* **Assigned task**
Return all of the data exactly, omitting any images.

* **Given information**
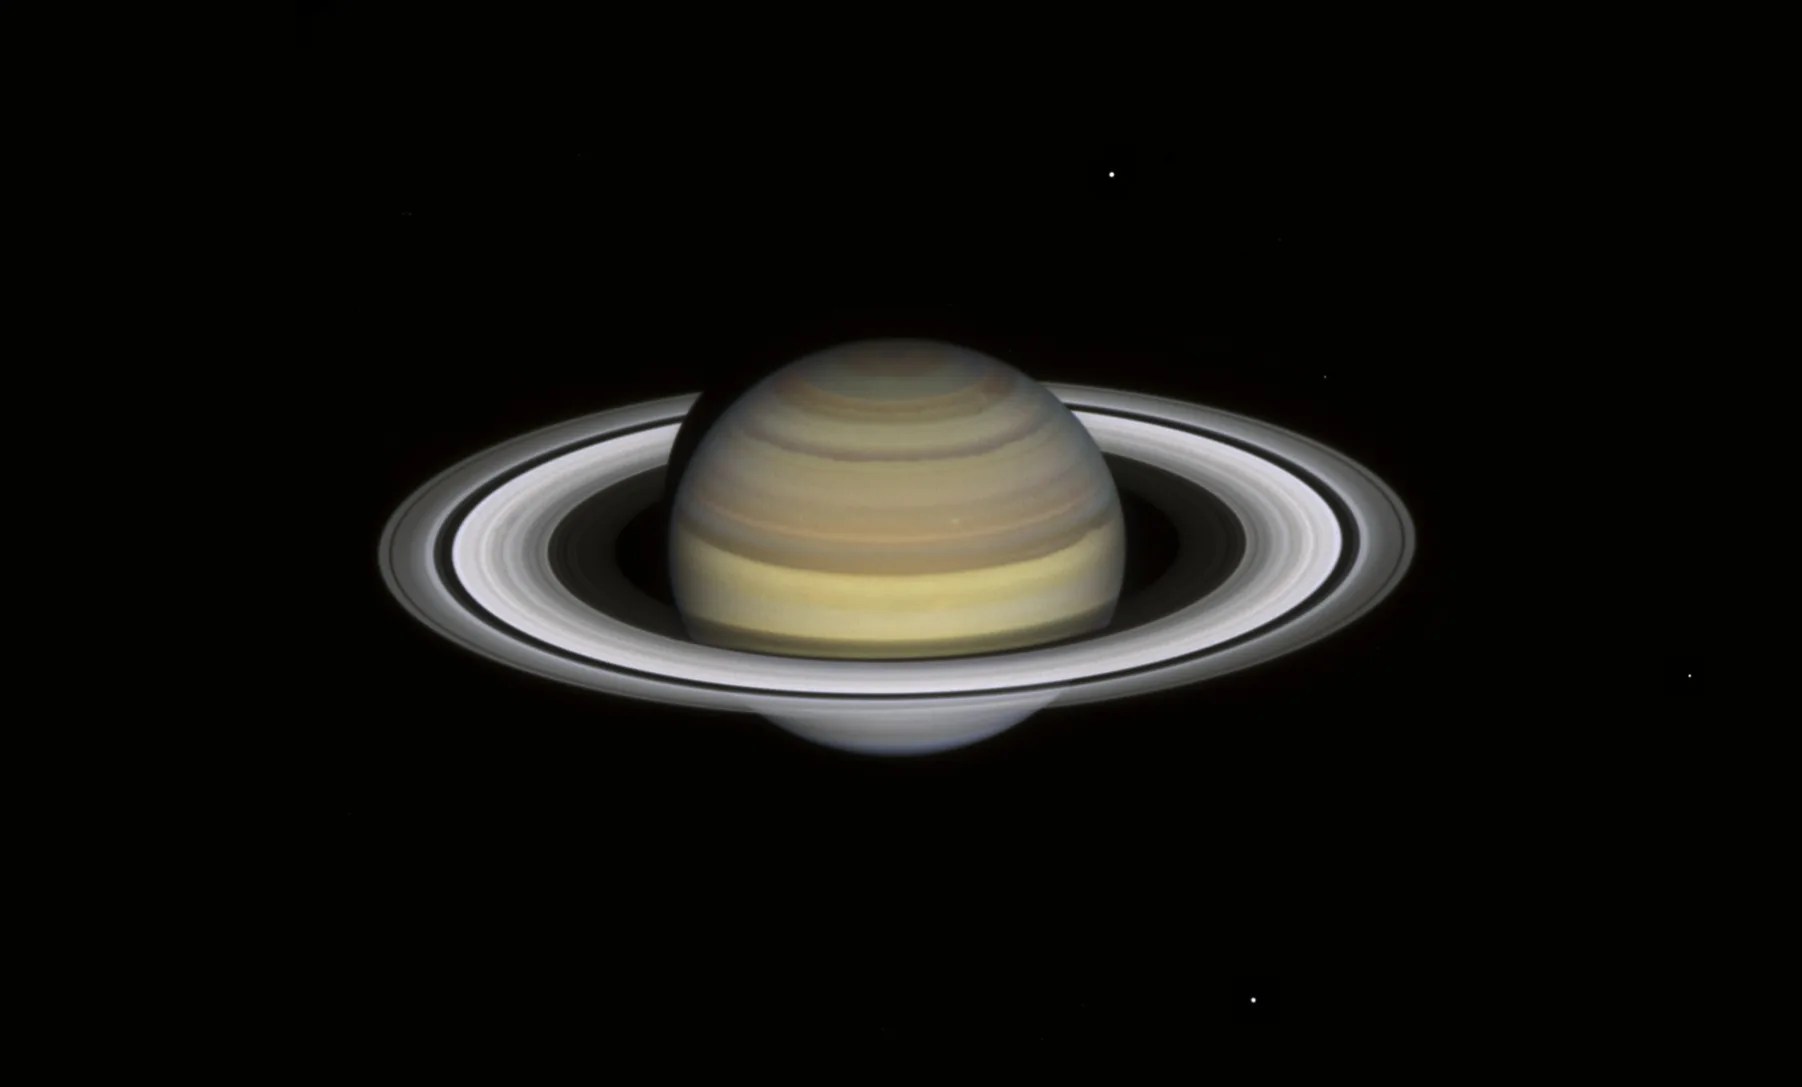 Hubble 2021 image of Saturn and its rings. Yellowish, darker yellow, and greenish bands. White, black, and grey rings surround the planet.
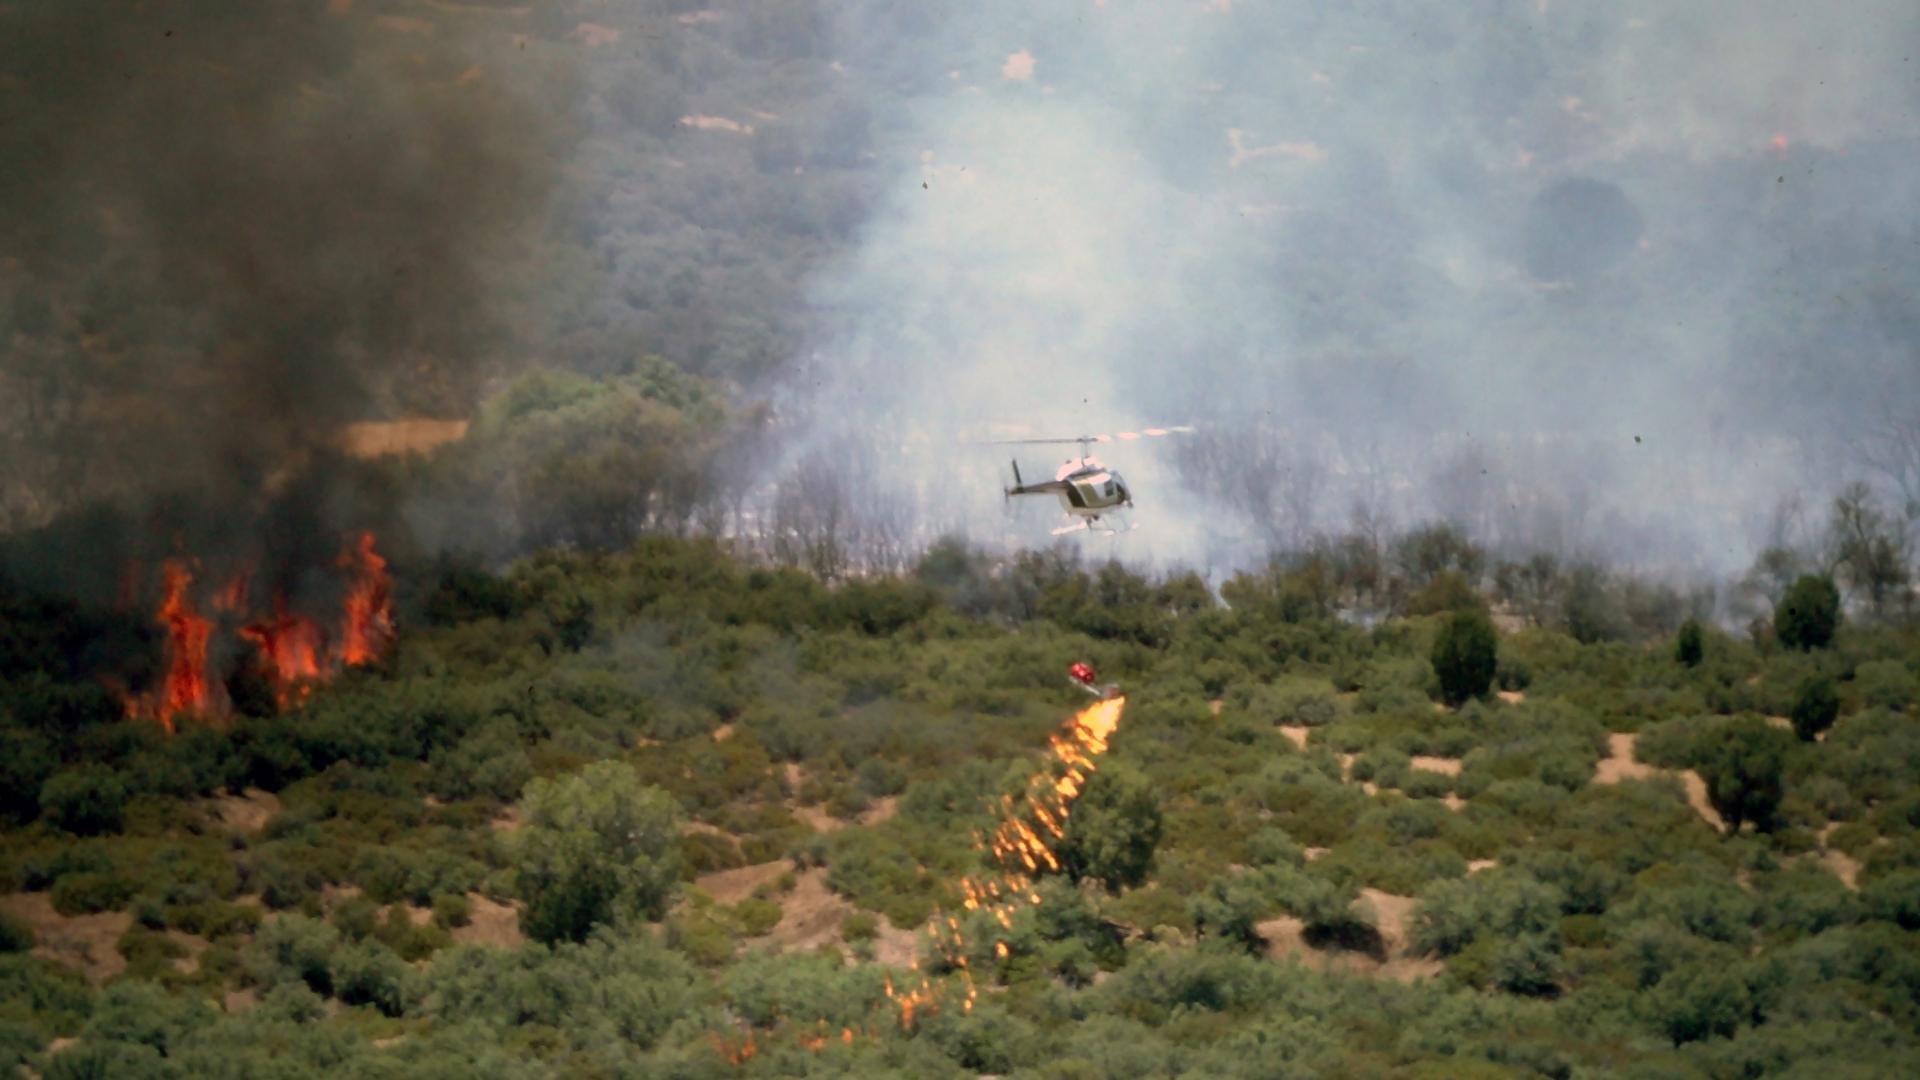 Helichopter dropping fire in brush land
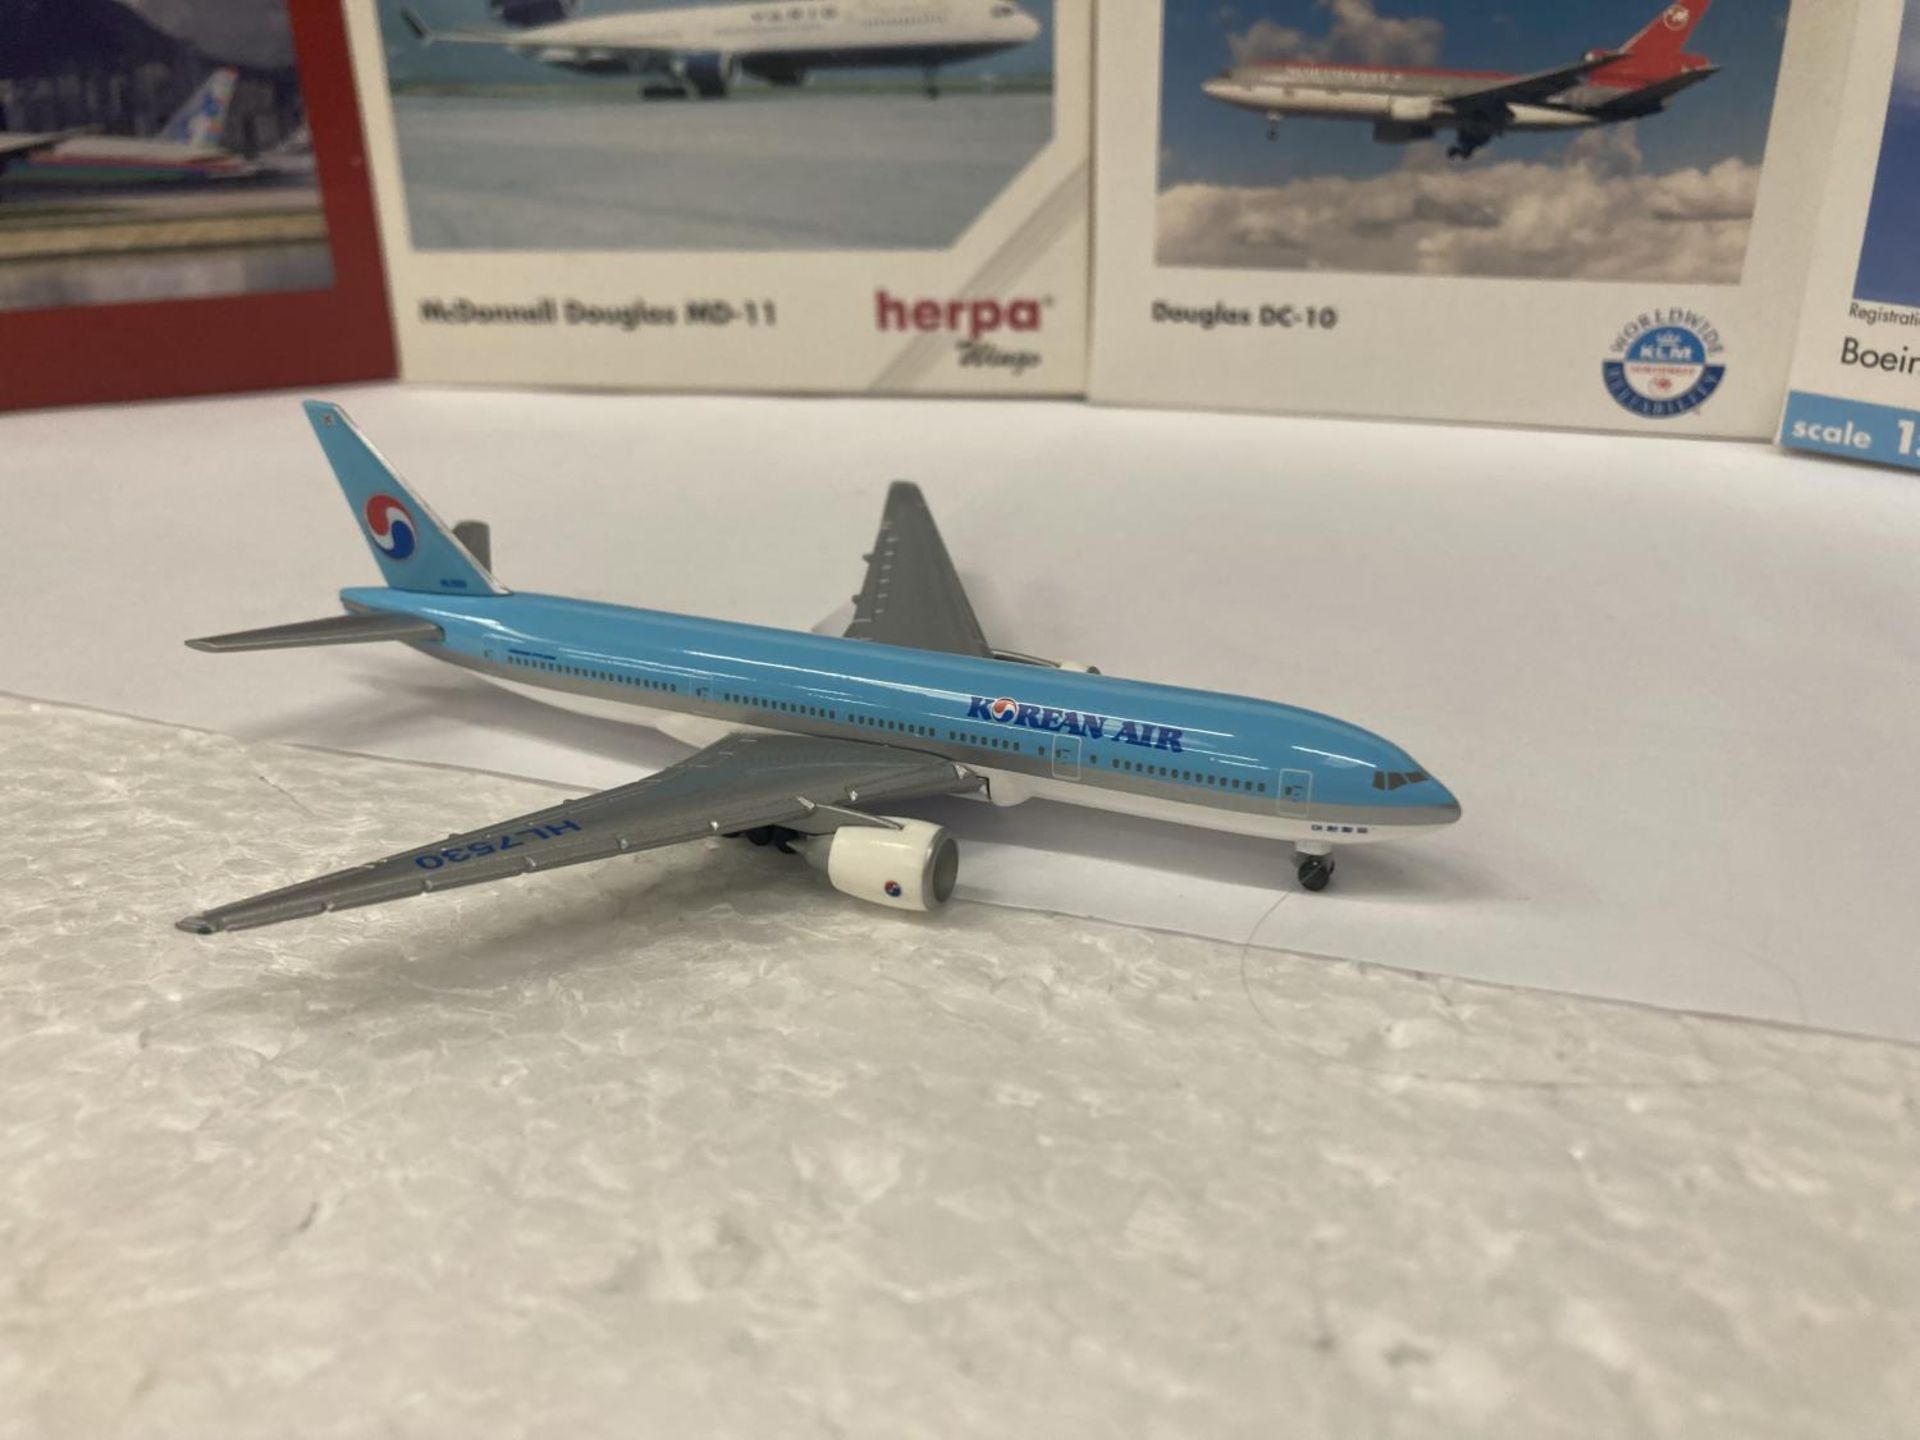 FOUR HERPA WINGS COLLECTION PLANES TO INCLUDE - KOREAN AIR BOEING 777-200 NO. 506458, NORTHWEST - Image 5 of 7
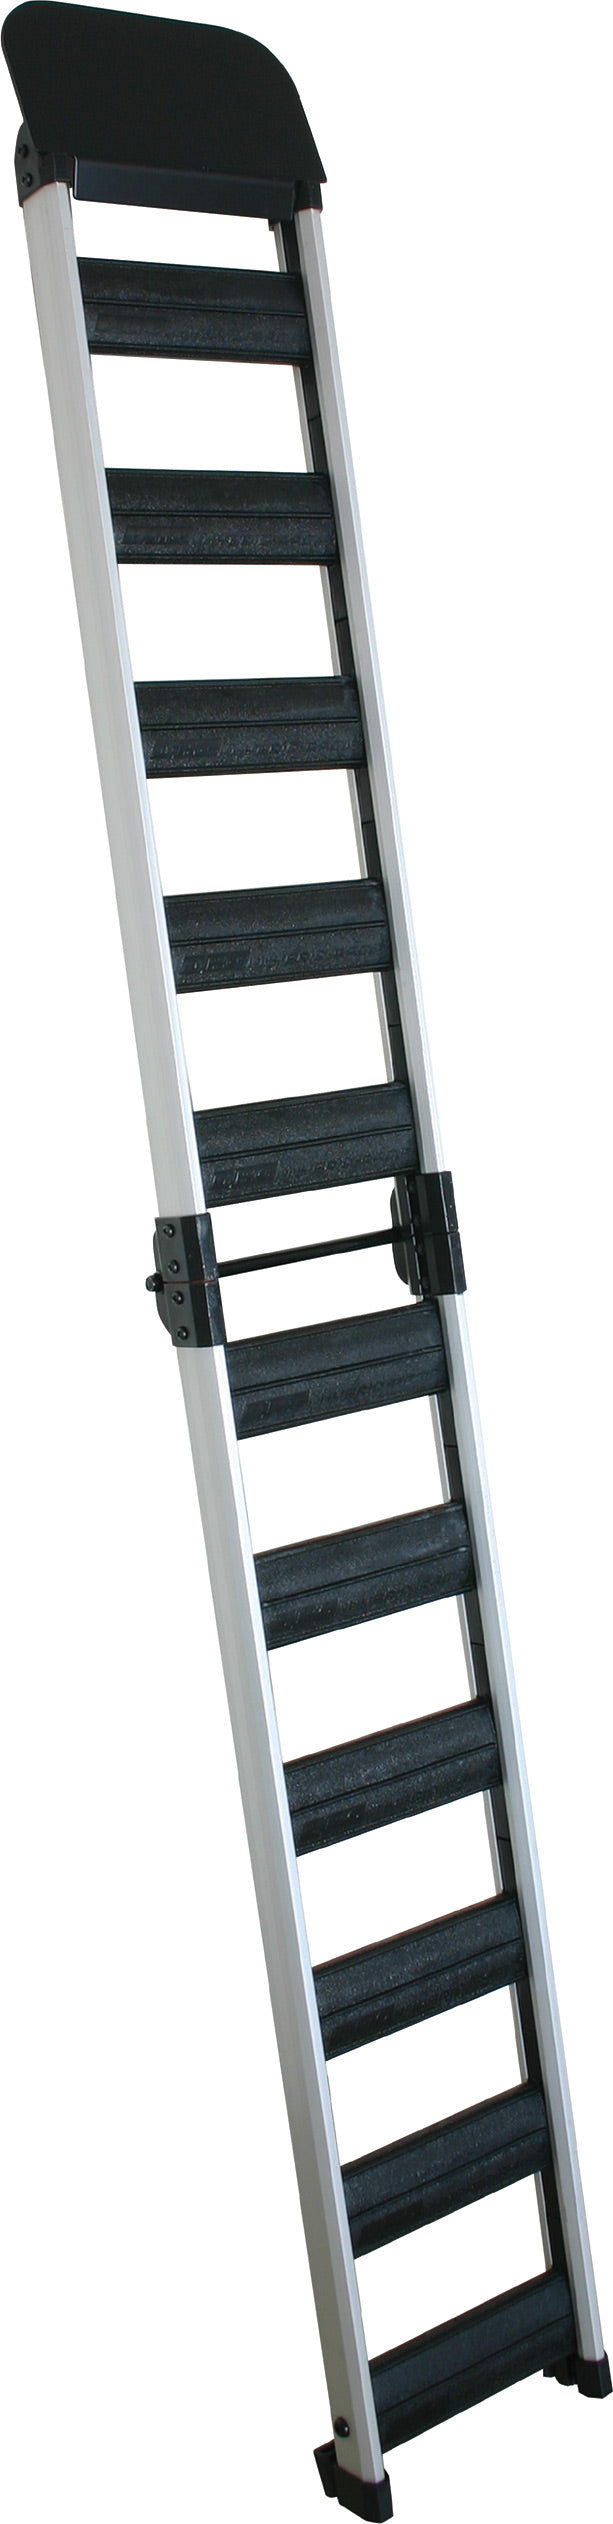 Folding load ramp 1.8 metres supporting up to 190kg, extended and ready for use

* **Answer below**
 Hubble 2021 image of Saturn and its rings. Yellowish, darker yellow, and greenish bands. White, black, and grey rings surround the planet.
 Helichopter dropping fire in brush land
 FOUR HERPA WINGS COLLECTION PLANES TO INCLUDE - KOREAN AIR BOEING 777-200 NO. 506458, NORTHWEST - Image 5 of 7
 Folding load ramp 1.8 metres supporting up to 190kg, extended and ready for use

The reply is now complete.